Thanks Jeff, appreciate the reply.


----------



## BrianGSDTexoma (Jan 13, 2022)

Getting ready to make a batch from dandelions in freezer.  I wish I would of packed them better but was planning on using a lot sooner.  Need some to make my pecans.  Will have to give that creamed a shot.


----------



## bauchjw (Jan 13, 2022)

Wow, that is incredibly cool. No dandelions here for a while, but once spring hits this is bookmarked. Thank you for sharing!


----------



## jcam222 (Jan 13, 2022)

BrianGSDTexoma said:


> Getting ready to make a batch from dandelions in freezer.  I wish I would of packed them better but was planning on using a lot sooner.  Need some to make my pecans.  Will have to give that creamed a shot.
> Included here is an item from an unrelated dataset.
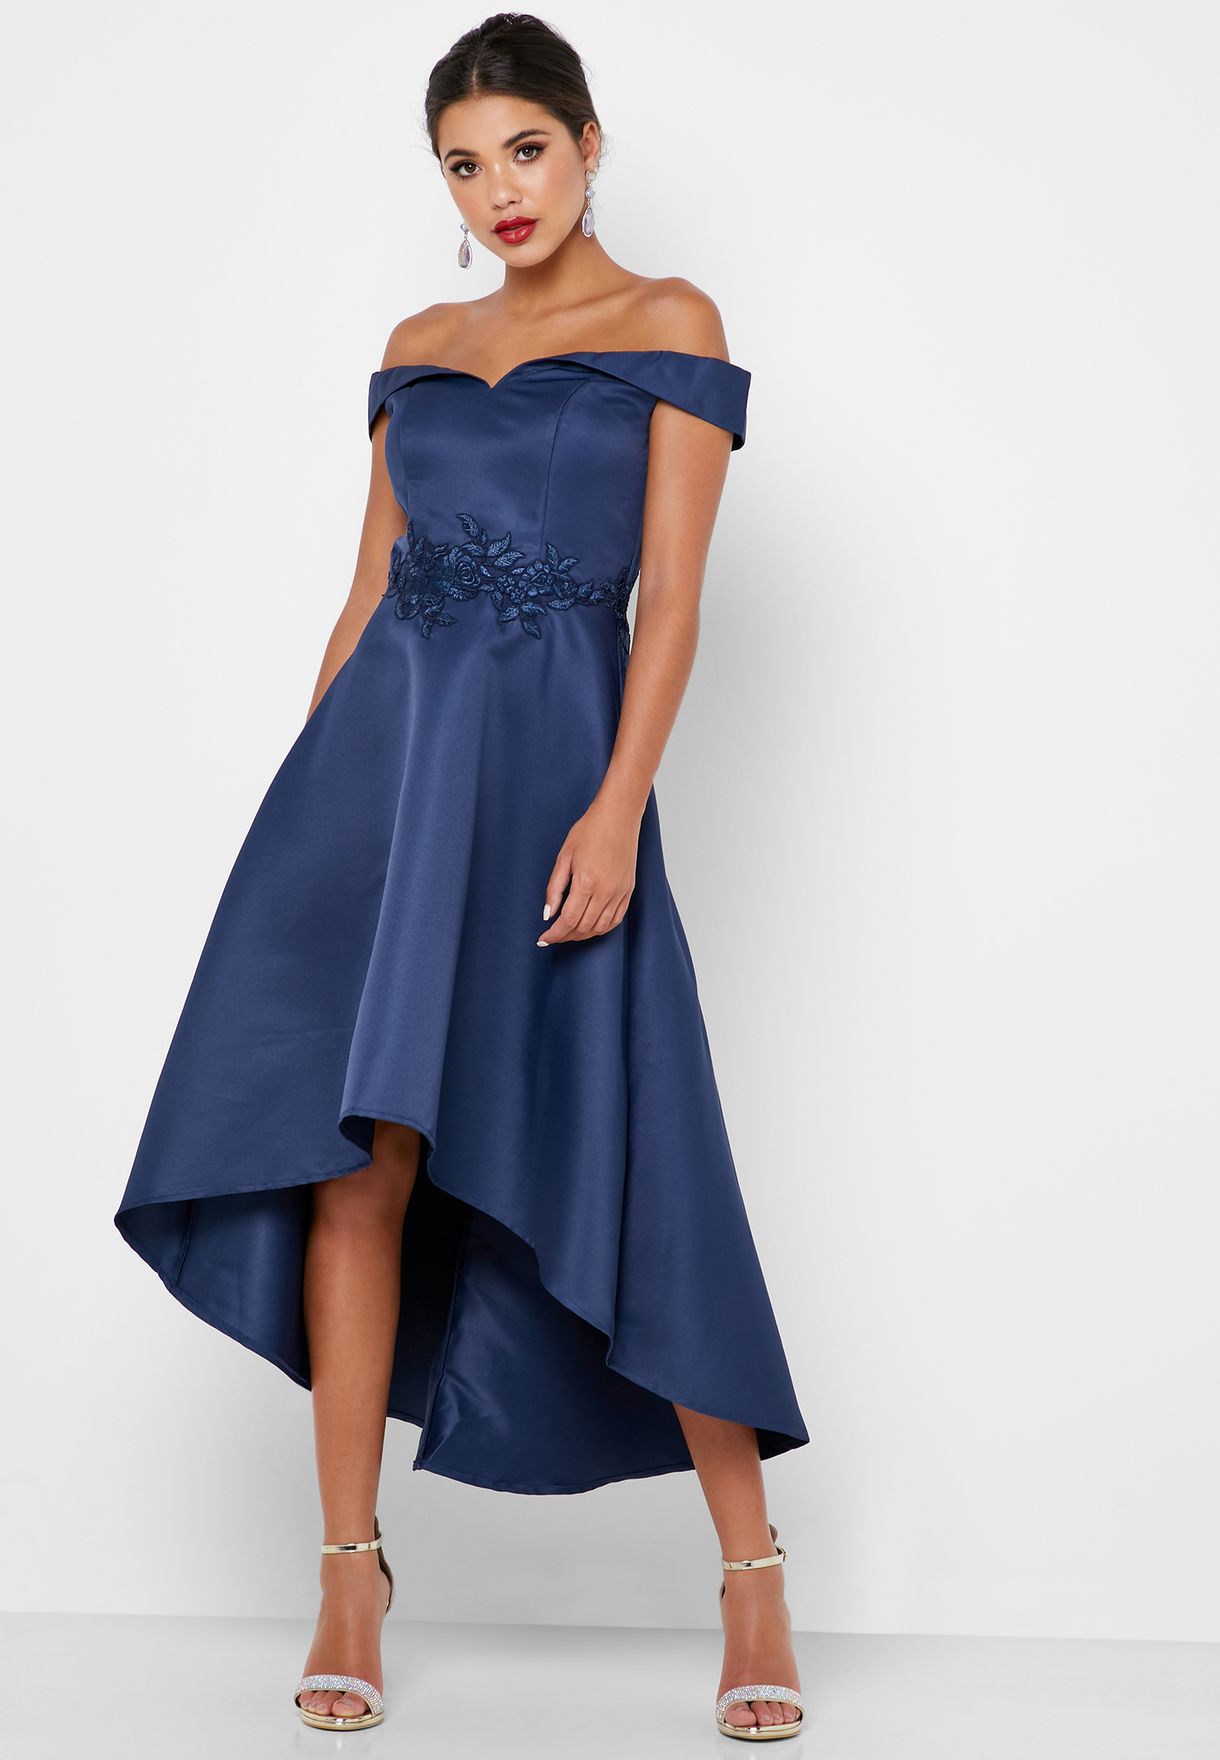 navy blue bardot dress

Man I wish I had the forethought to freeze some! This year I am going to harvest a ton, make a lot more honey and freeze plenty of blossoms. Looking forward to seeing how well your frozen blossoms work.


----------



## jcam222 (Jan 13, 2022)

bauchjw said:


> Wow, that is incredibly cool. No dandelions here for a while, but once spring hits this is bookmarked. Thank you for sharing!


Sure thing.this stuff is truly amazing if you want the actual honey flavor without the sugar.


----------



## BrianGSDTexoma (Jan 13, 2022)

I think I am going to try Asian Pear this time.  They not much more than Jicama .  I know just have to mess with a good recipe!  I finally back on track.  Got brave enough to check BS few days ago all looked good.


----------



## BrianGSDTexoma (Jan 15, 2022)

Well going to have to call this a failure.  I just had the flowers in a sandwich bag and got a bunch of water crystals.  Has a bit of nasty taste to it.  Also could not get a jar to cream.  I ended up with 4 cups which is more than should of had.  Reduced down to 3 than added 2.5 Alluse and 1 Golden Monk reduced by 1/3.  This been a bad week.  Threw out pork butt sausage, pork tenderloin because of too long in freezer.  Made Mississippi chuck yesterday while good could not get to pull.  I afraid to make that cheesecake now.


----------